WORK INSTRUCTIONS:
Write out exactly the lines from the one containing "da9c694b935 Tom Ford" to the end of the material, both ends included, and nothing else. Leave pictures out.

STORED DATA:
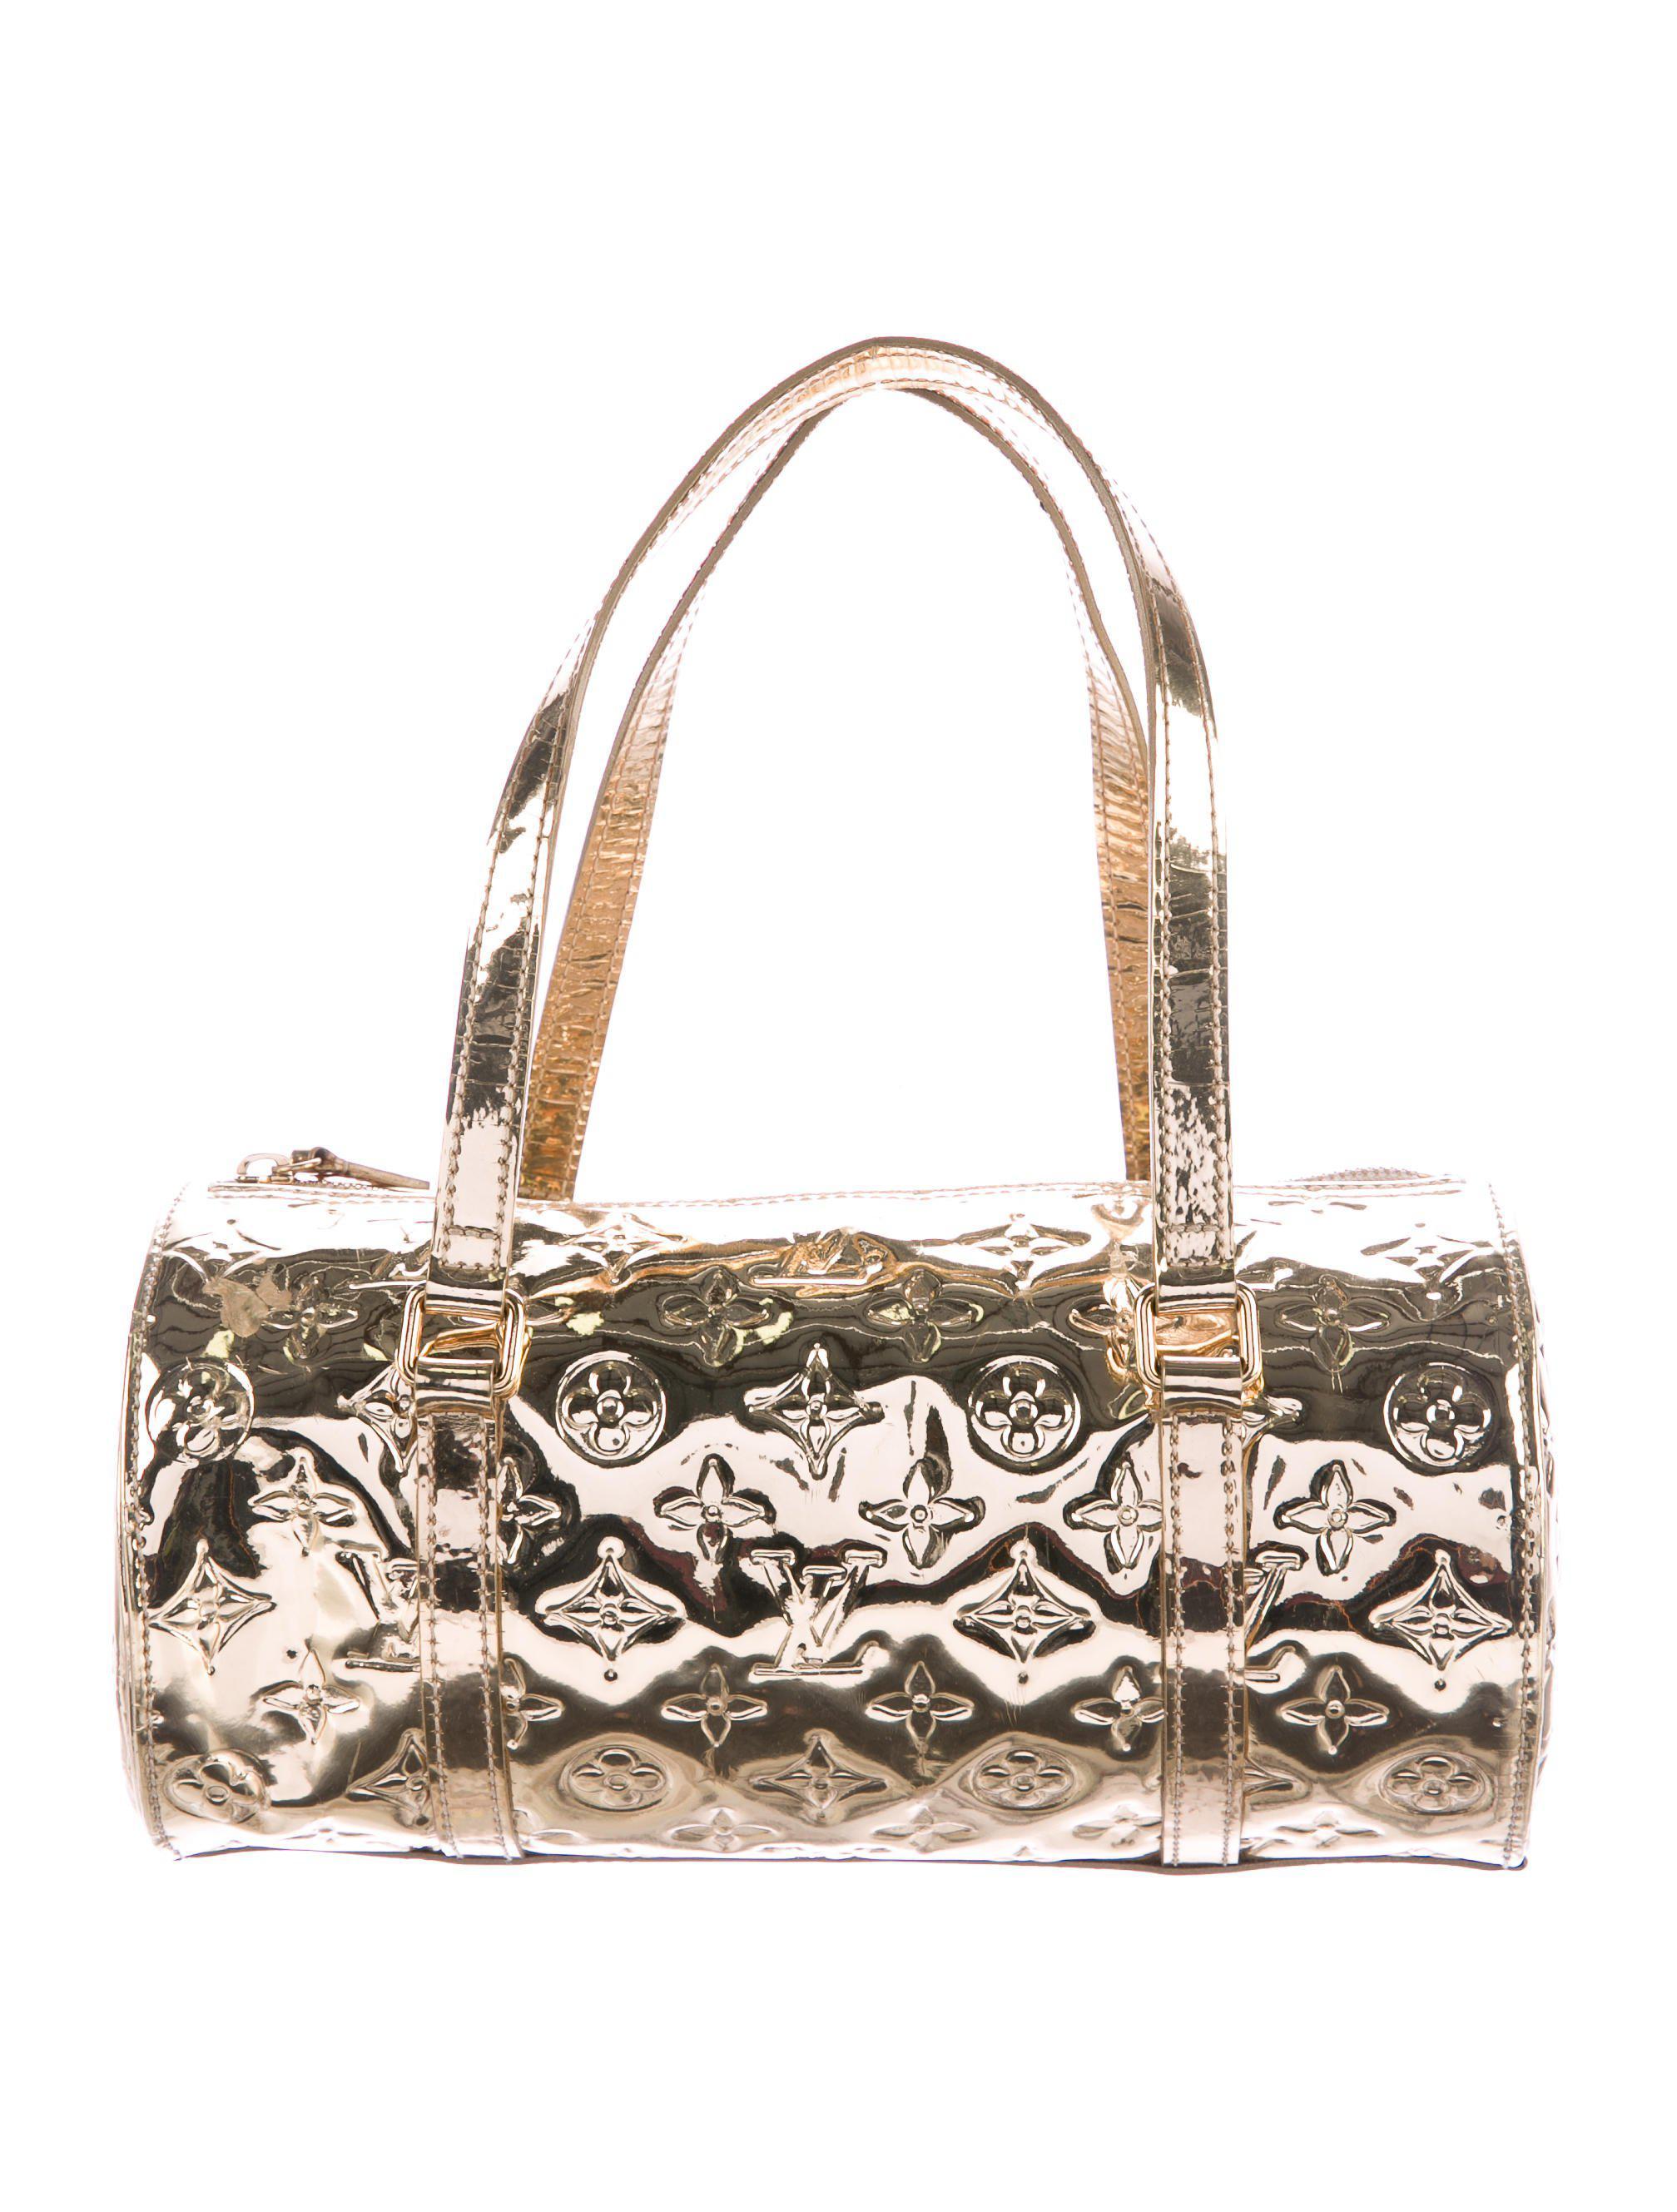 bdacbf0142 Lyst - Louis Vuitton Mirror Miroir Papillon Bag in Metallic
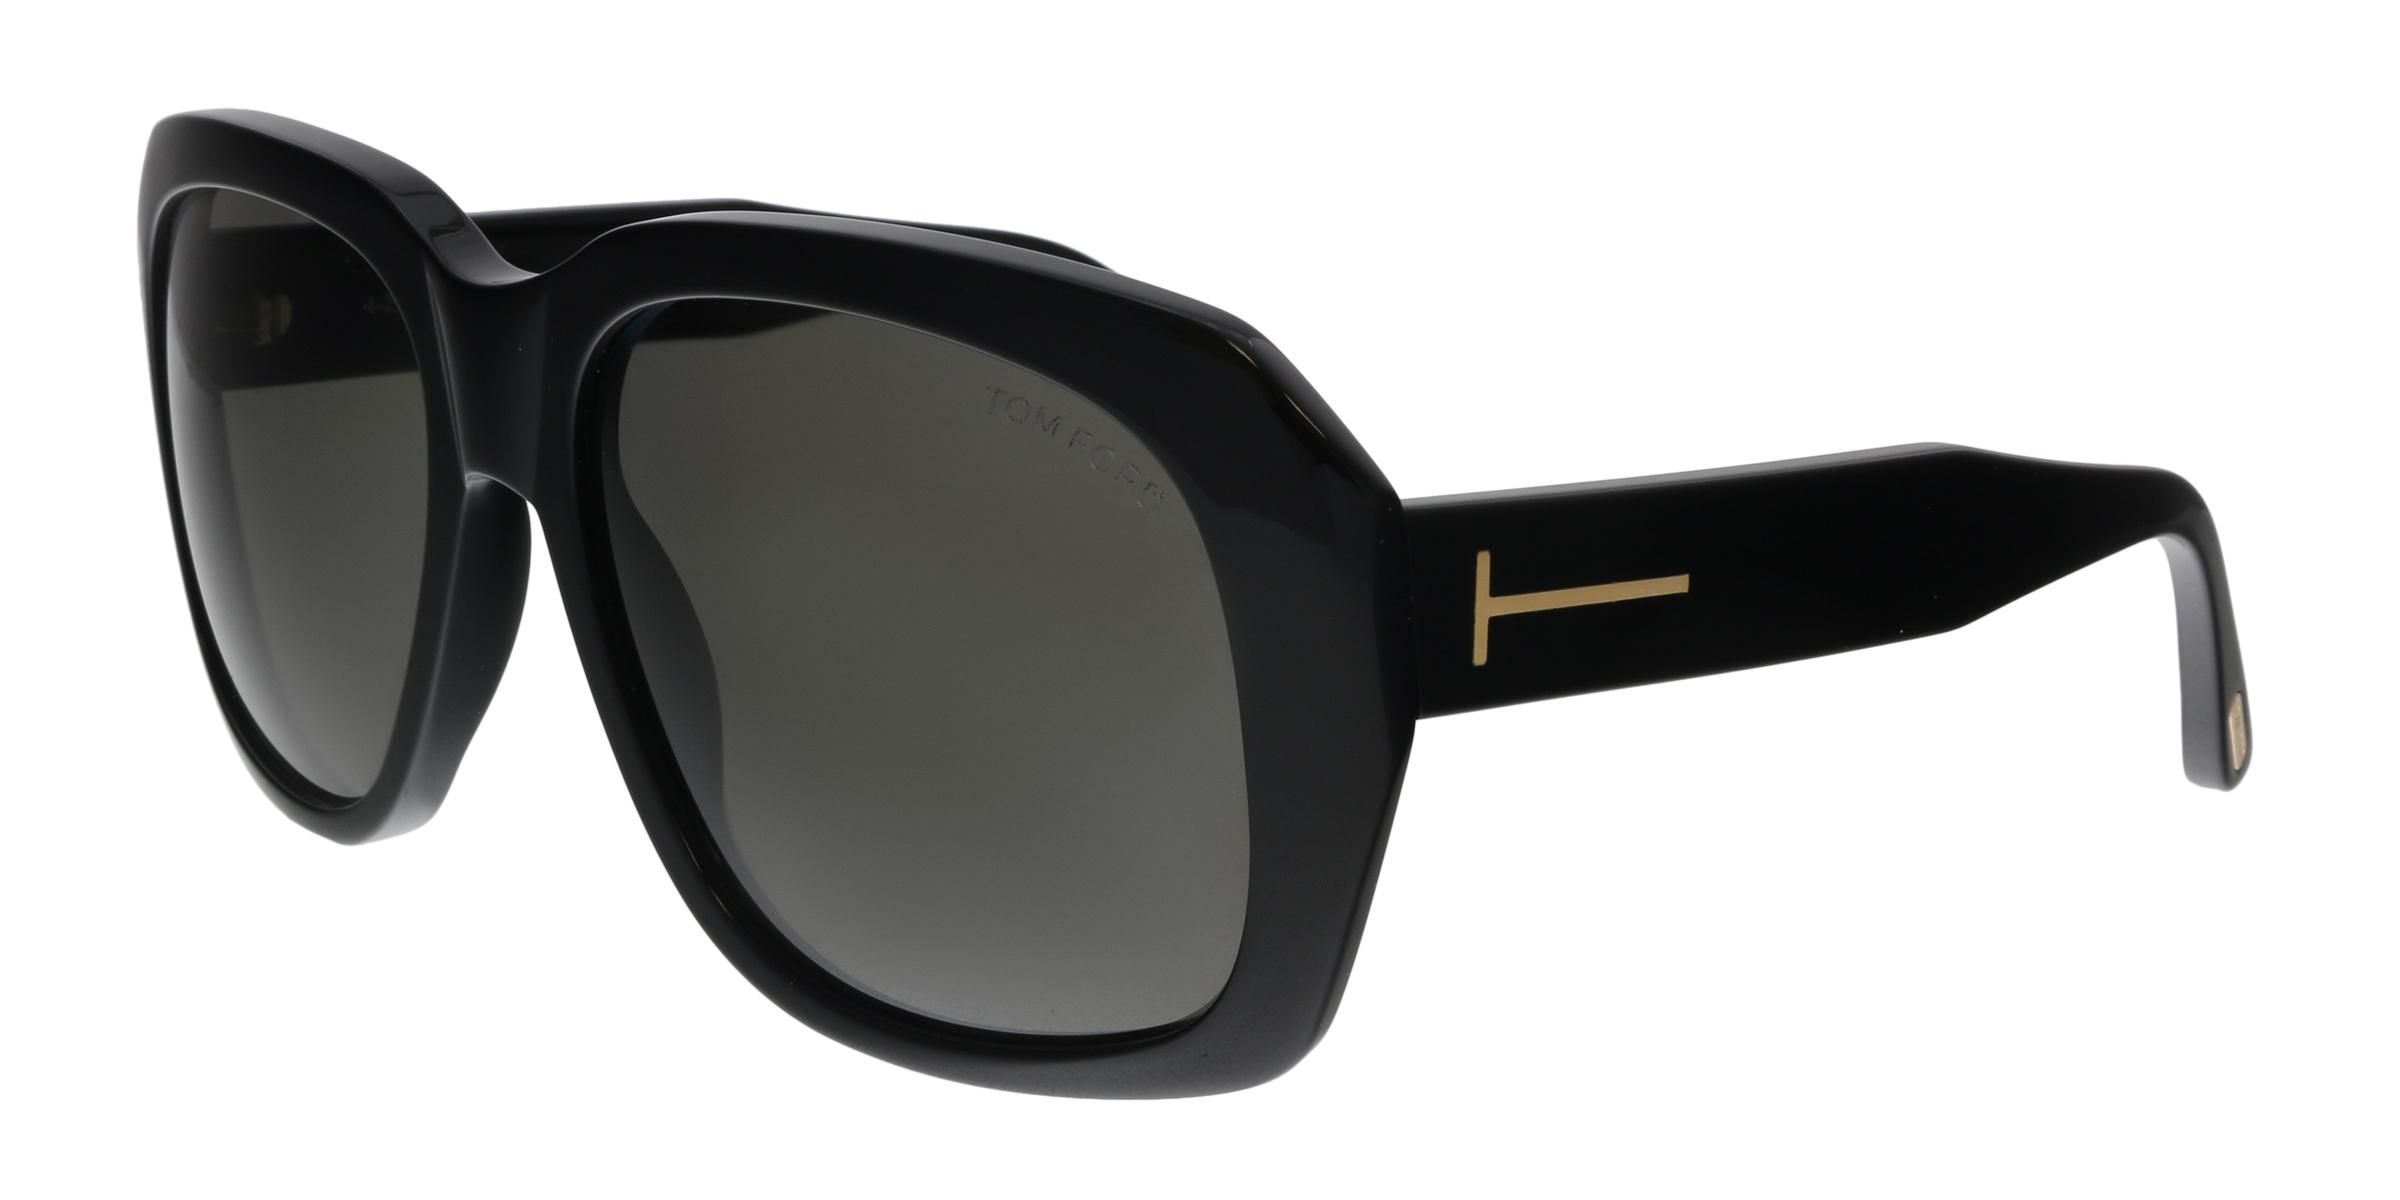 da9c694b935 Tom Ford FT0635 01A Andre-02 Black Square Sunglasses 664689926879
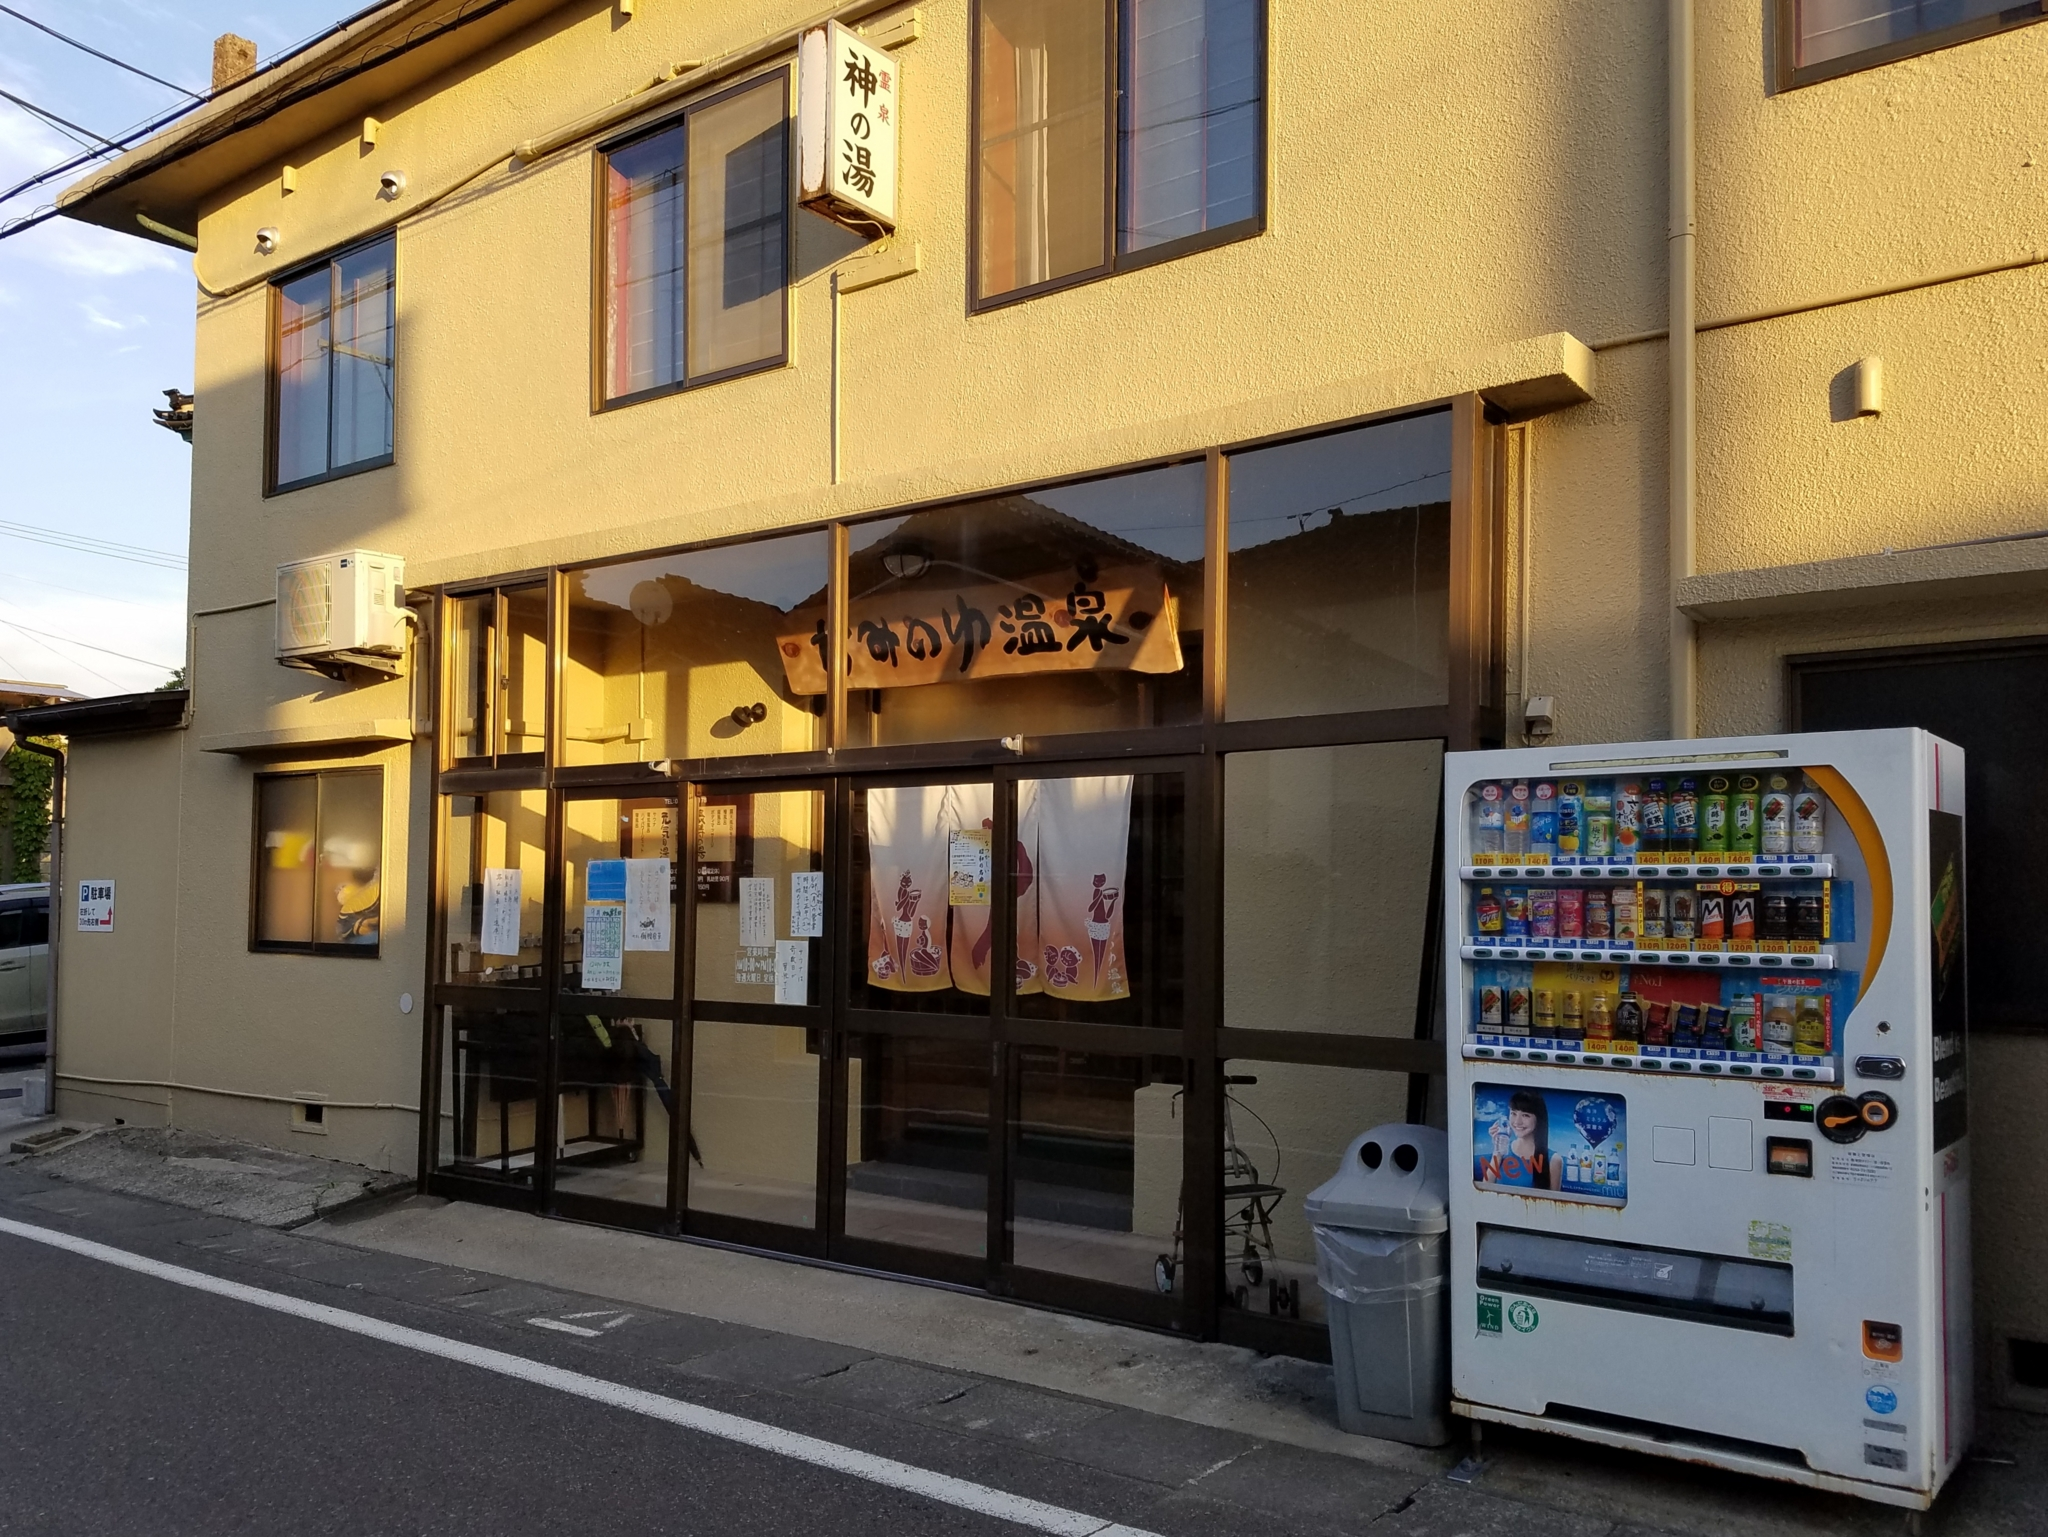 f:id:ToshUeno:20160902172421j:plain

WRITTEN SOLUTION:
 da9c694b935 Tom Ford FT0635 01A Andre-02 Black Square Sunglasses 664689926879
 f:id:ToshUeno:20160902172421j:plain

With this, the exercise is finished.